I'd like to start another thread. I am very impressed with the caliber of all the inut thus far, especially on where to share.

One question that I would like to raise is how we should get community groups such as those listed in the wiki to invite us to speak? Do we make ourselves available or should we get actively involved in the groups so that they solicit us to speak?
The same question applies to articles: submitting articles with or without having them solicited in advance.
If we write blogs, how do we get people to seek out our input?

Bill Altman said

at 11:58 am on Feb 15, 2016

These are good concerns. In fact, Jill Shultz, Ken Bordens, Rhea Farberman, and I dealt with a lot of this in a presentation at NITOP some years ago. To help spread this information, we created a website, linked through OTRP, at http://www.williamaltman.info/Bill_Projects/Working_with_the_Media/Psychologists_and_the_Media.htm

jrudmann@... said

at 3:22 pm on Feb 21, 2016

Two additional ideas on ways to share.
College Hosted Speaker Series - Our college sponsors a bi-monthly Distinguished Academic Lecture Series (DALS). Our psychology department has learned that speakers on psychological topics are a huge draw. In the past, we have had Phil Zimbardo (The Lucifer Effect), Michael Shermer (Why People Believe Weird Things), and a survivor of the Jim Jones cult (her name escapes me). This April we are looking forward to hosting Nathan DeWall who will speak on self-control research.

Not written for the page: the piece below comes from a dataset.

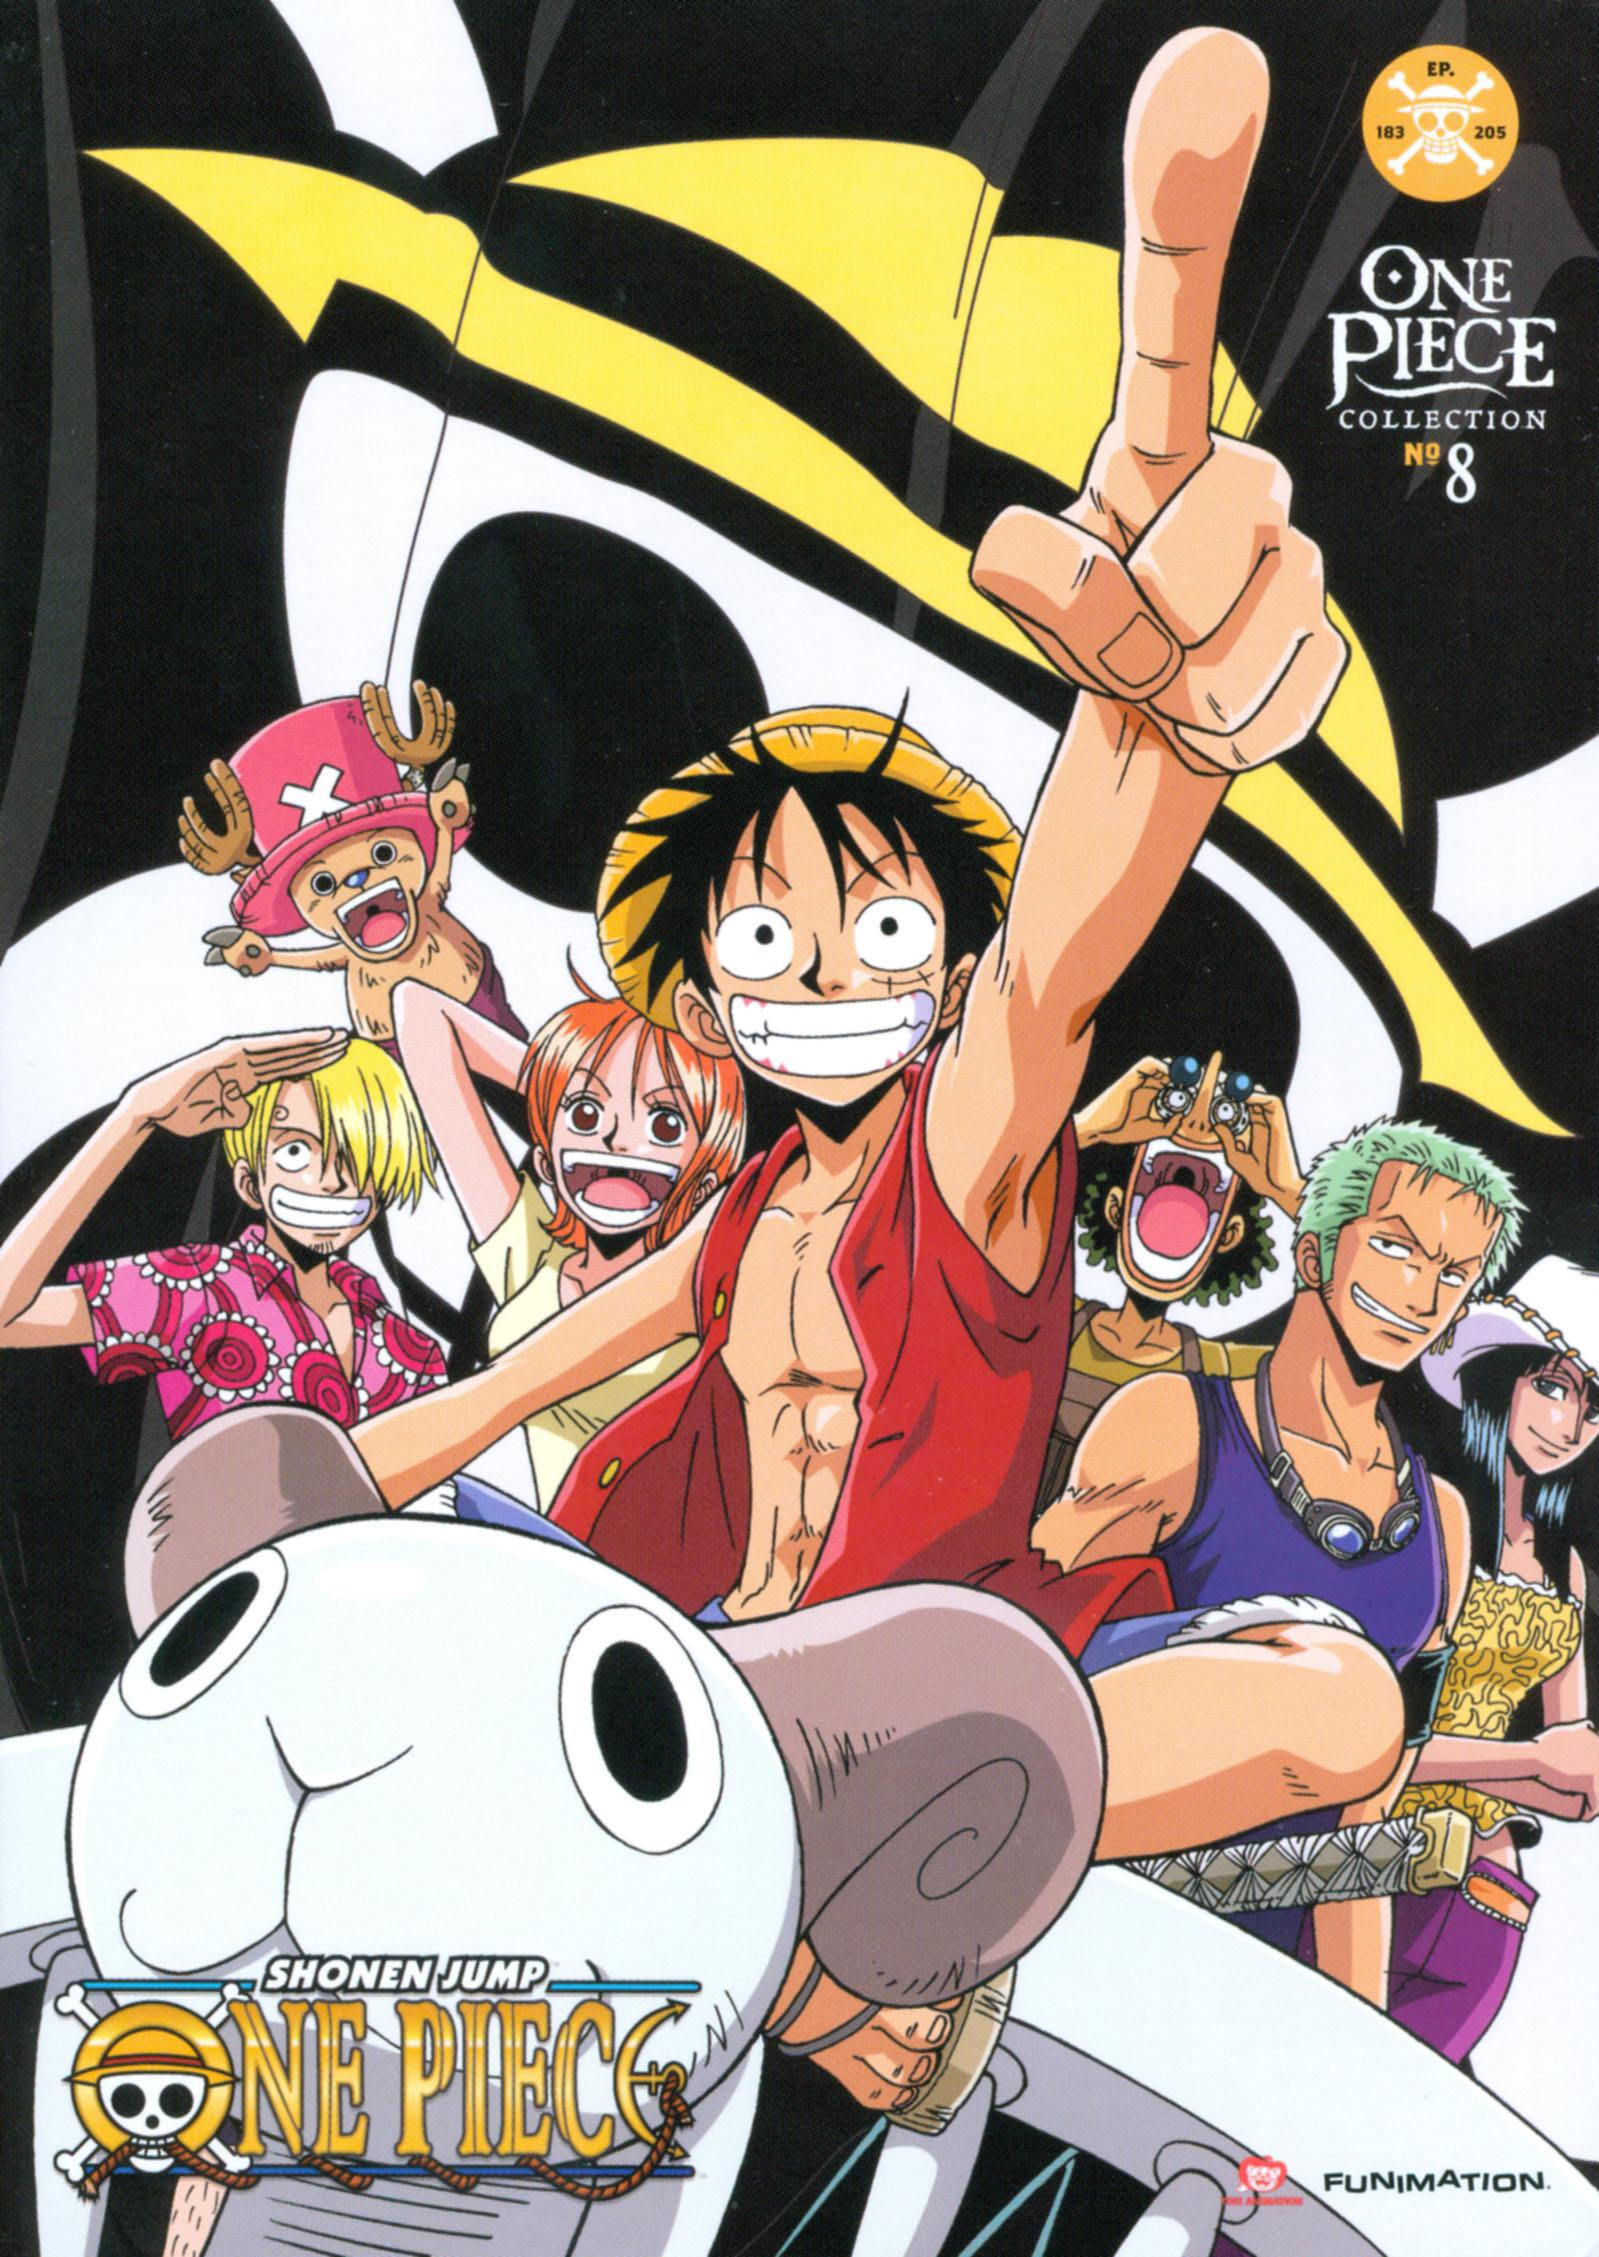 One Piece Season 11 Part 4 BLURAY/DVD SET (Eps # 668-680) (Uncut)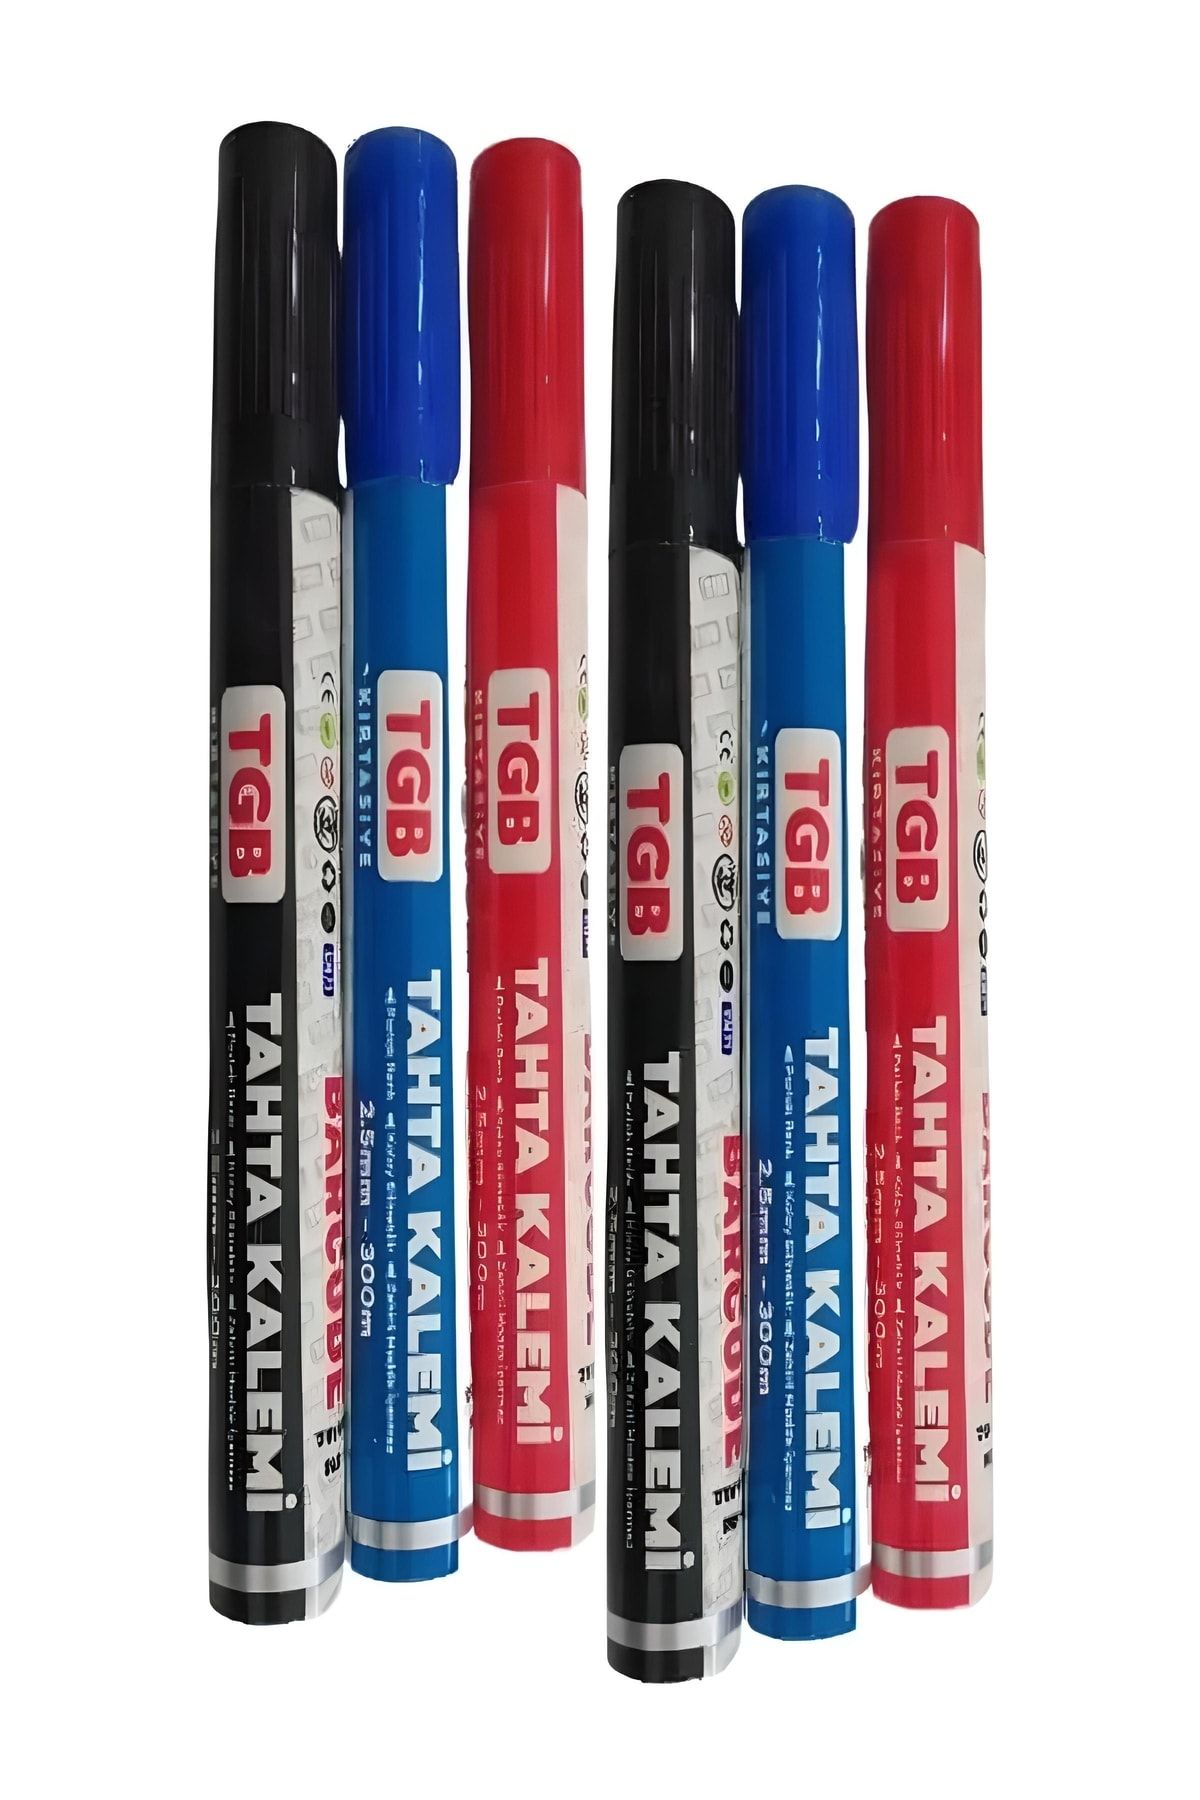 TGB Beyaz Tahta Kalemi Öğretmen Kalemi Kartuşlu Tahta Kalemi Siyah-mavi-kırmızı Set 6 Adet

Student Presentations on Topics in Psychology - We have a Psi Beta honor society chapter on our campus. Several years ago we launched a service-learning project in which teams of psychology honors students (~4 students per team) prepare and deliver 70-minute, highly interactive presentations (mini-lectures mixed in with large and small group discussions) to high school classes, community college classes, and community groups. When we began this we used topics from Phil Zimbardo's Heroic Imagination Project (e.g., the bystander effect, mindset, conformity) and found that this format is a win-win. The audience learns about empirically based topics in psychology, while the presenters gain a deeper knowledge of the material, along with experience giving oral presentations and working on a team. We are now developing our own topics for our students to present, e.g., self-control - based (Mischel et al), shyness (Carduci), and happiness (Lyubomirsky). I'm beginning to work with some high school teachers from TOPSS (Teachers of Psychology in the Secondary Schools) with the idea of having Psi Beta students mentor high school students who will, in turn, give these presentations. There are practical considerations and challenges when it comes to arranging for college students to present at a local high school - a checklist of what to do and not do might help others.